Twenty-six years should have seen us mature into a force for good, a party that consistently upholds the values of integrity, unity and progress for all Nigerians.

But the reality is far from this ideal. Instead of celebrating, we must face the uncomfortable truth: *at 26, the PDP has failed to live up to the promise that once inspired millions.*

We cannot celebrate when our internal divisions have weakened our ability to lead. We cannot celebrate when the very principles that should guide us: justice, fairness and accountability,have been sidelined in favor of personal ambition and short-term gains. We cannot celebrate when the Nigerian people, who once looked to the PDP for leadership, now question our relevance and our commitment to their welfare.

This is not a time for self-congratulation.

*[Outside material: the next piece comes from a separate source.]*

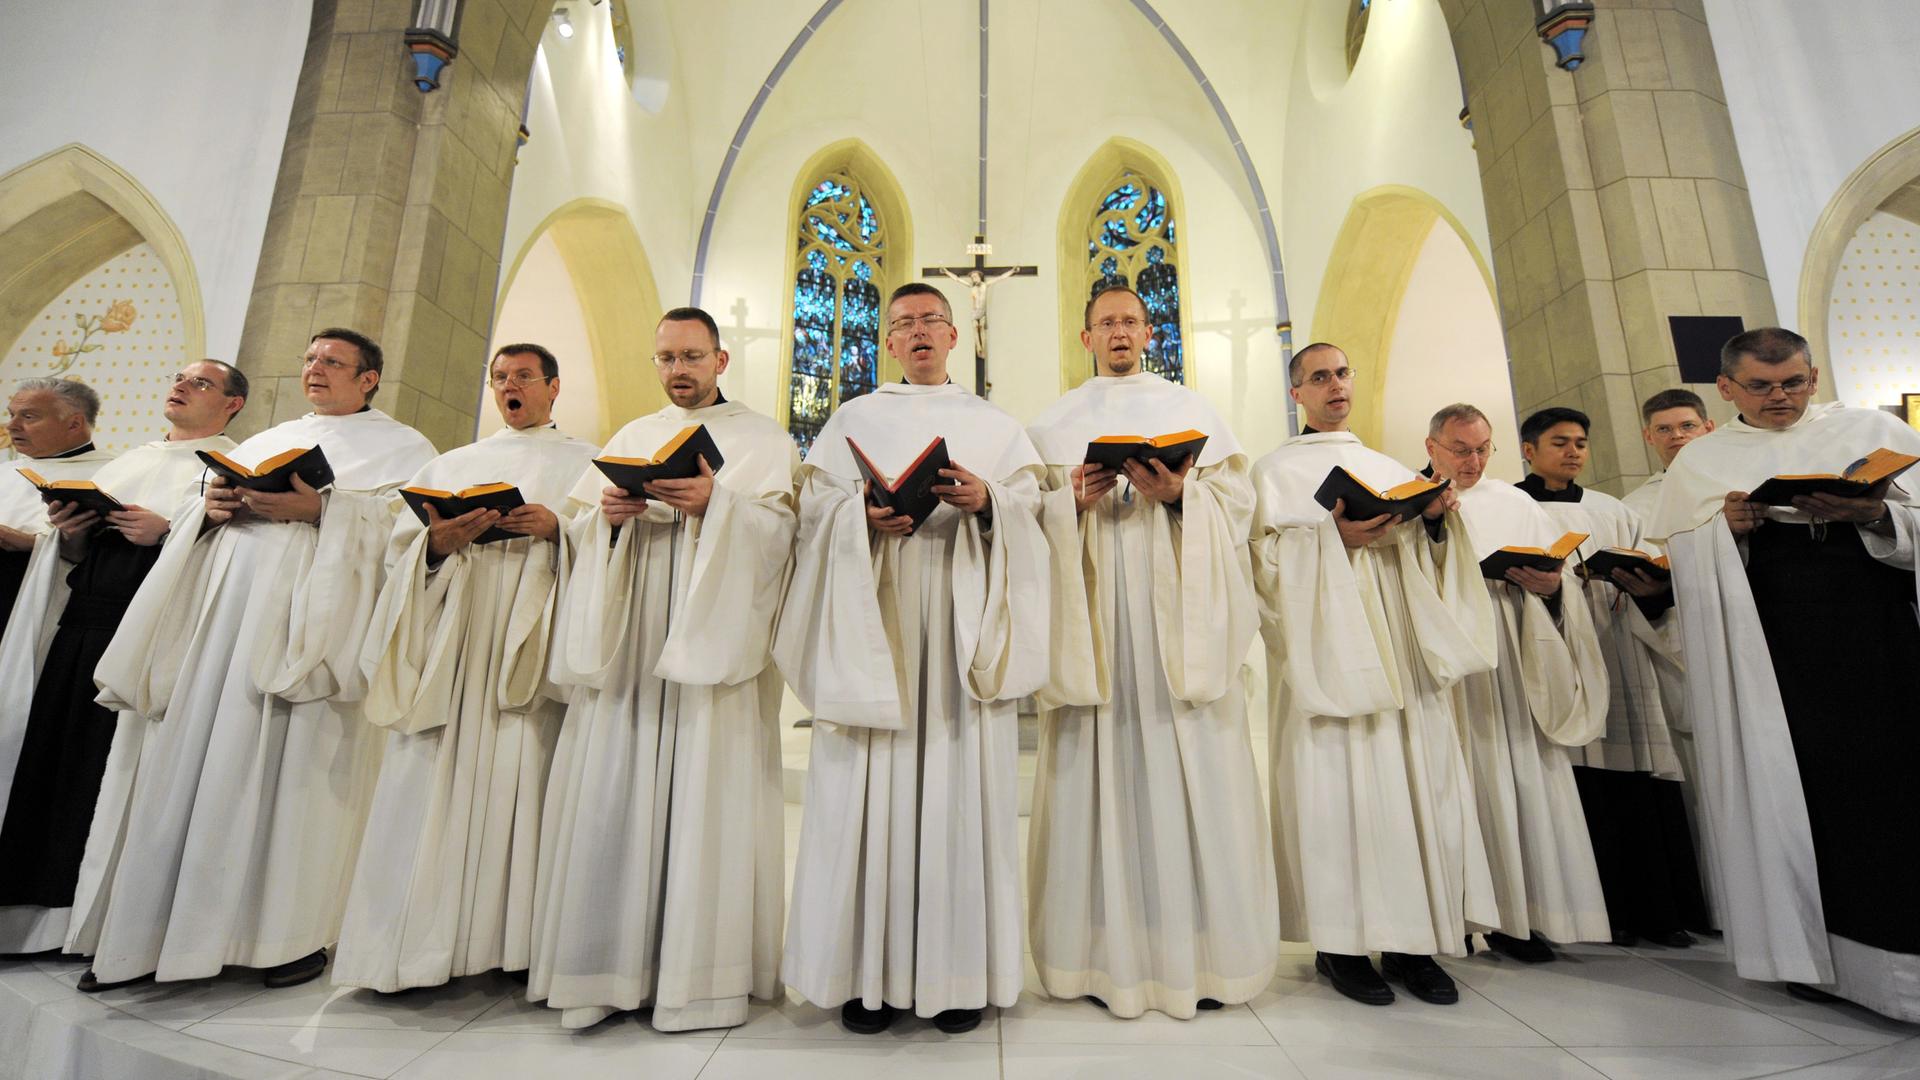 Zisterzienser-Mönche vom Kloster Heiligenkreuz im Wienerwald singen in einer Kapelle des Klosters in Bochum-Stiepel gregorianische Choräle.

It is a time for deep introspection and honest assessment. What have we truly achieved? Where did we go wrong? And most importantly, how do we rebuild the trust that has been lost? These are the questions we must ask ourselves, not just as a party, but as individuals who believe in the ideals that the PDP was founded upon.

At 26, we should be at the height of our powers, but instead, we find ourselves at a crossroads. The path forward is not easy, but it is necessary. We must return to our roots, to the values that once made the PDP a symbol of hope and possibility. We must rebuild from within, embracing transparency, unity and a renewed commitment to serving the people of Nigeria.

There is no celebration today, only the recognition that we have a long road ahead. But if we use this moment wisely, if we truly learn from our past mistakes, there is still hope for a future where the PDP can once again stand tall, not just in name, but in action and impact. The journey begins now, not with *fanfare but with resolve.